N'importe quel autre pays décrétant un blocus pétrolier illégal ou commettant des crimes de guerre se verrait fermement condamné par l'Union européenne. Lors du sommet du 9 novembre entre l'UE et les pays d'Amérique latine et des Caraïbes,  la déclaration commune sonnait creux : « Nous réitérons notre opposition à la menace ou à l'emploi de la force et à toute action non conforme au droit international ».

À l'heure actuelle, cette « opposition » est inexistante. Ni Ursula von der Leyen, présidente de la Commission, ni Kaja Kallas, Haute Représentante pour les affaires étrangères, n'ont condamné le blocus ou les actes de guerre américains. L'Allemagne s'est contentée de «  prendre connaissance » de la situation, Berlin se bornant à appeler à la stabilité régionale. Un discours qui sonne comme du « bla-bla-bla ».

Les dirigeants européens affirment vouloir une autonomie stratégique vis-à-vis de Washington.

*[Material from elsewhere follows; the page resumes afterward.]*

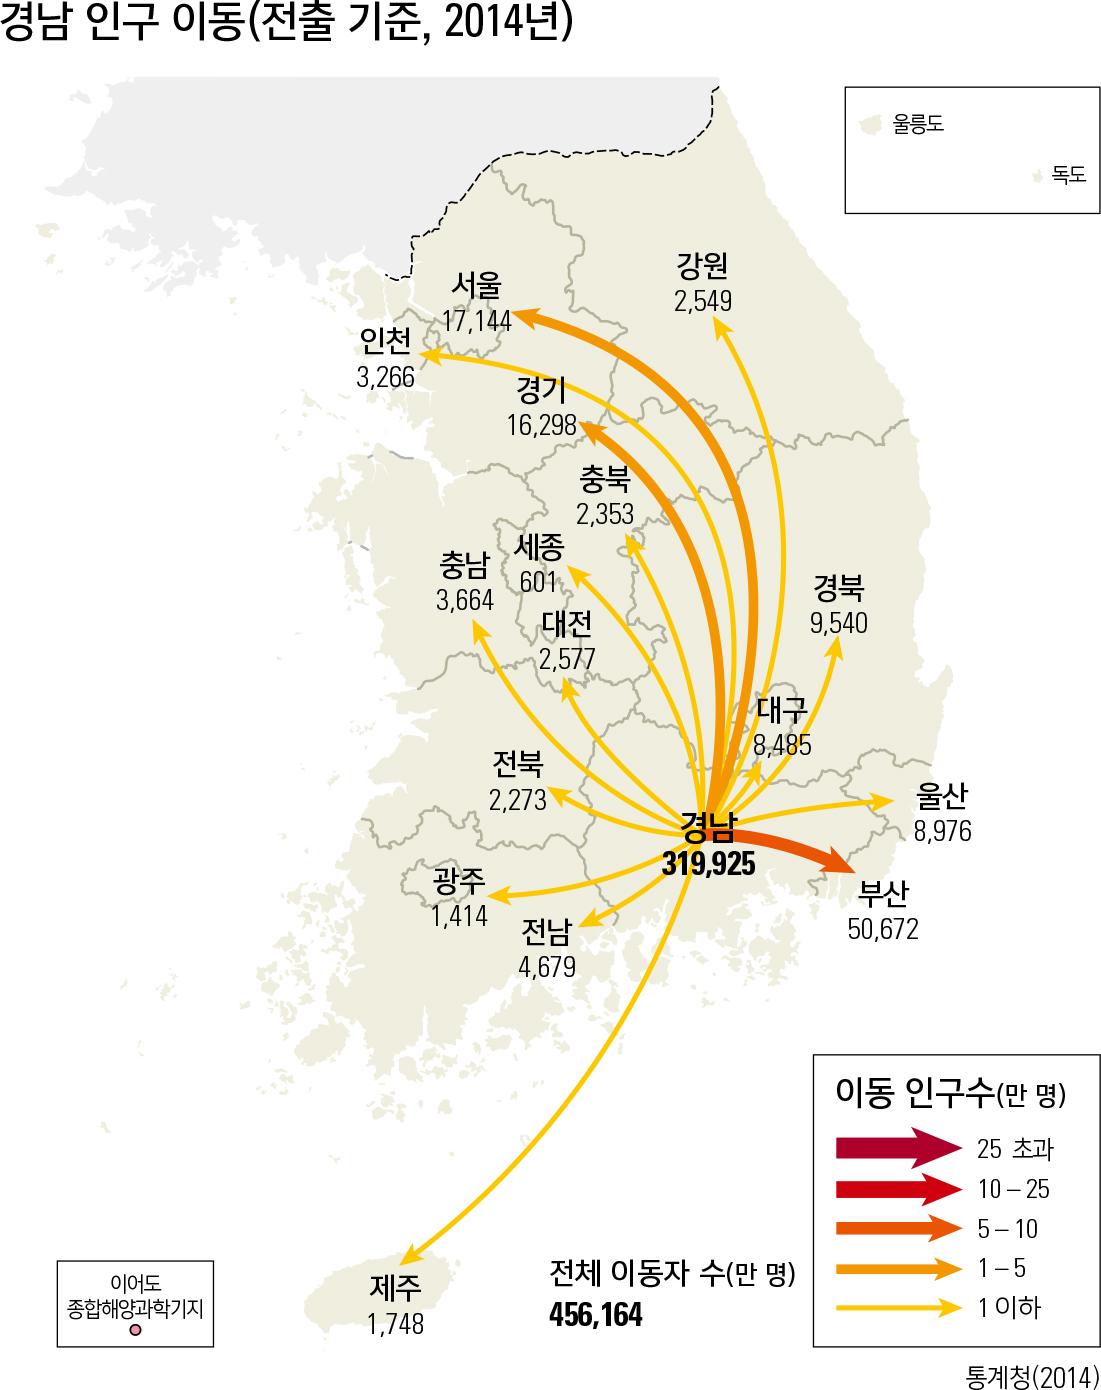 경남 인구 이동(전출 기준, 2014년)

Pourtant, au moment décisif, ils retombent systématiquement dans une soumission tenace.

* * *

L'agression contre le Venezuela n'est pas un incident isolé, mais un précédent dangereux qui pourrait entraîner tout le continent dans une spirale de chantage économique et de chaos. Se taire aujourd'hui sur le blocus de Caracas, c'est légitimer demain de nouvelles attaques contre La Havane, Managua, Bogotá ou Mexico.

Il est urgent que les forces progressistes mondiales - syndicats, mouvements sociaux, partis, intellectuels - forment un large front contre cette logique de guerre impériale.

Résister au blocus du Venezuela, c'est lutter pour la paix, la souveraineté et la justice sociale dans toute l'Amérique latine et au-delà.

Marc Vandepitte

Image en vedette : Capture d'écran. Source :  connectas.org

Note :

 mondialisation.ca 1:nh] La « doctrine Donroe » est le surnom donné à l'actuelle politique étrangère de Trump dans les Amériques (jeu de mots entre « Don » et la doctrine « Monroe »). Elle considère l'ensemble du continent américain comme une sphère d'influence exclusive des États-Unis. Elle justifie l'usage de la force - interventions militaires, déploiements navals et pressions économiques - pour freiner l'immigration, le trafic de drogue et surtout l'influence chinoise et russe. Contrairement à la doctrine Monroe originale (1823), qui visait à exclure les puissances européennes, la doctrine Donroe traite la région comme un simple arrière-pays américain élargi.